In harsh, unpredictable environments, being cautious probably kept families alive. Distrust may have been an adaptive strategy.
But for builders, for people trying to grow things fast, low trust is like carrying a heavy backpack while running a race. You may avoid getting scammed, but you move slower.
Reflecting further on these experiences, I realized the solution might lie in a hybrid model.
Founders must learn to calibrate trust. Start cautious but quickly escalate to high-trust modes when dealing with credible people. Skepticism is useful defensively; trust is essential offensively.
Without enough trust, you can’t build strong teams, move fast, or create positive-sum outcomes. Without enough skepticism, you get exploited. Good leaders know when to switch gears.

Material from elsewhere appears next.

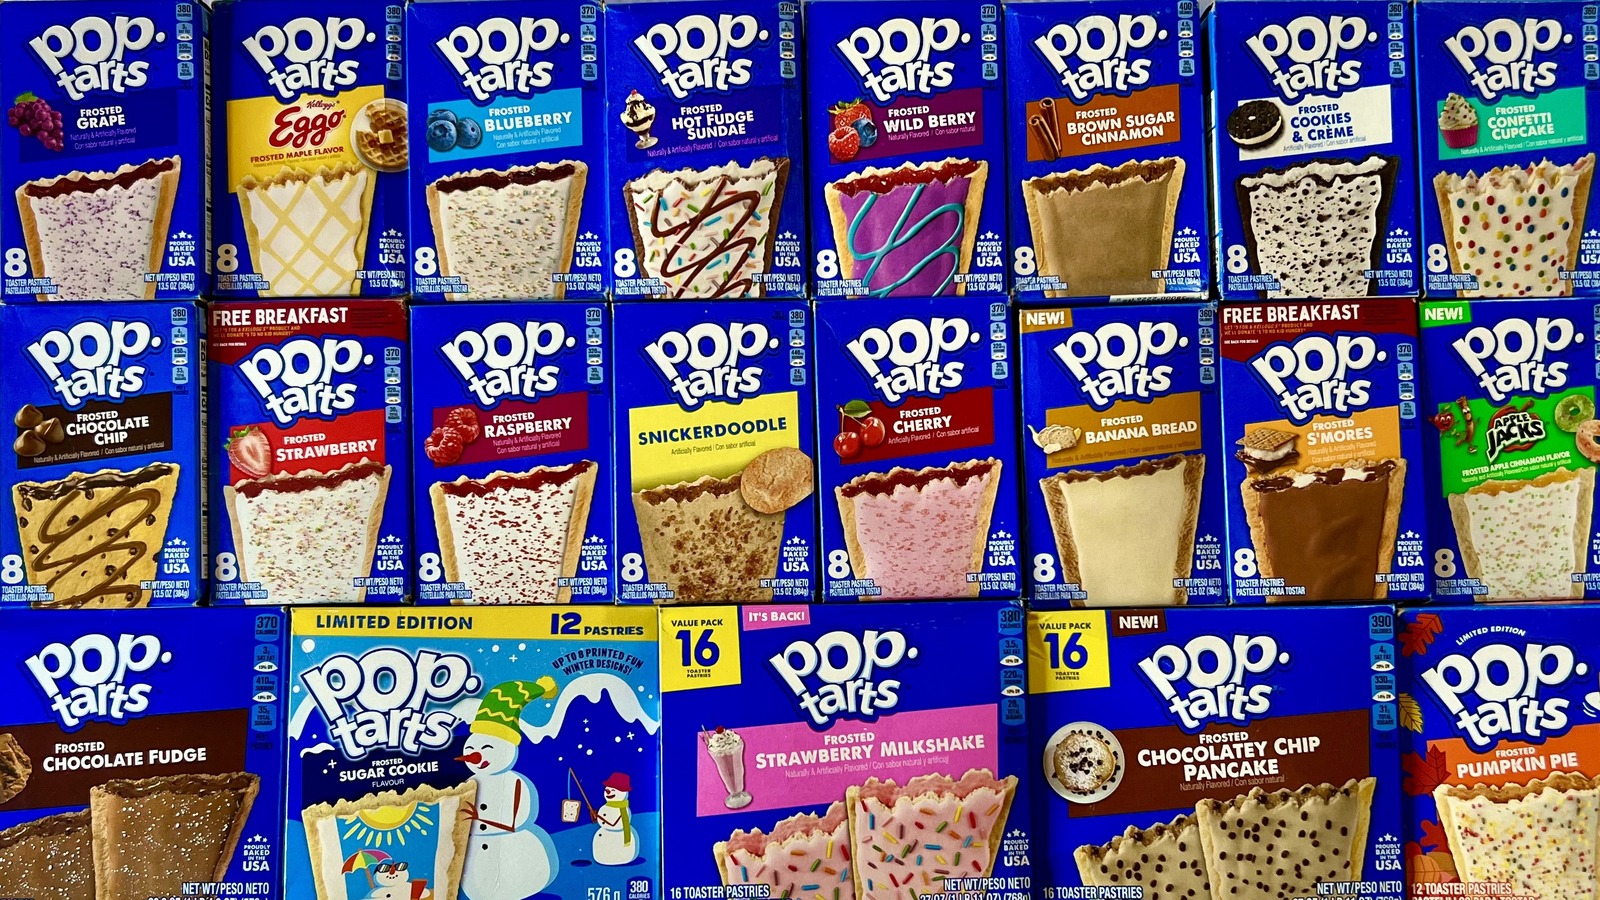 Pop-Tarts Brings Back Strawberry Milkshake Flavor

If you’re job-hunting in a low-trust culture, don't take suspicion personally. Study how great local players strike a balance between caution and openness. And make sure you experience at least one high-trust, fast-paced environment in your life; it will recalibrate your expectations permanently.
If you’re a founder from a low-trust environment, consider this: building a world-class team eventually requires you to either bring people from higher-trust cultures or build such a culture yourself. If your default posture is distrust, you will lose some of the best talent before they even sign the offer letter.
At scale, low-trust environments create friction that slows down everything.
The best builders understand that trust isn’t naïve. It’s a force multiplier.
“People break into two buckets. Some come at life as a series of transactions. And some people come at life as about building relationships.
You can have a successful life doing transactions, but the only way to have a great life is on the relationship side.”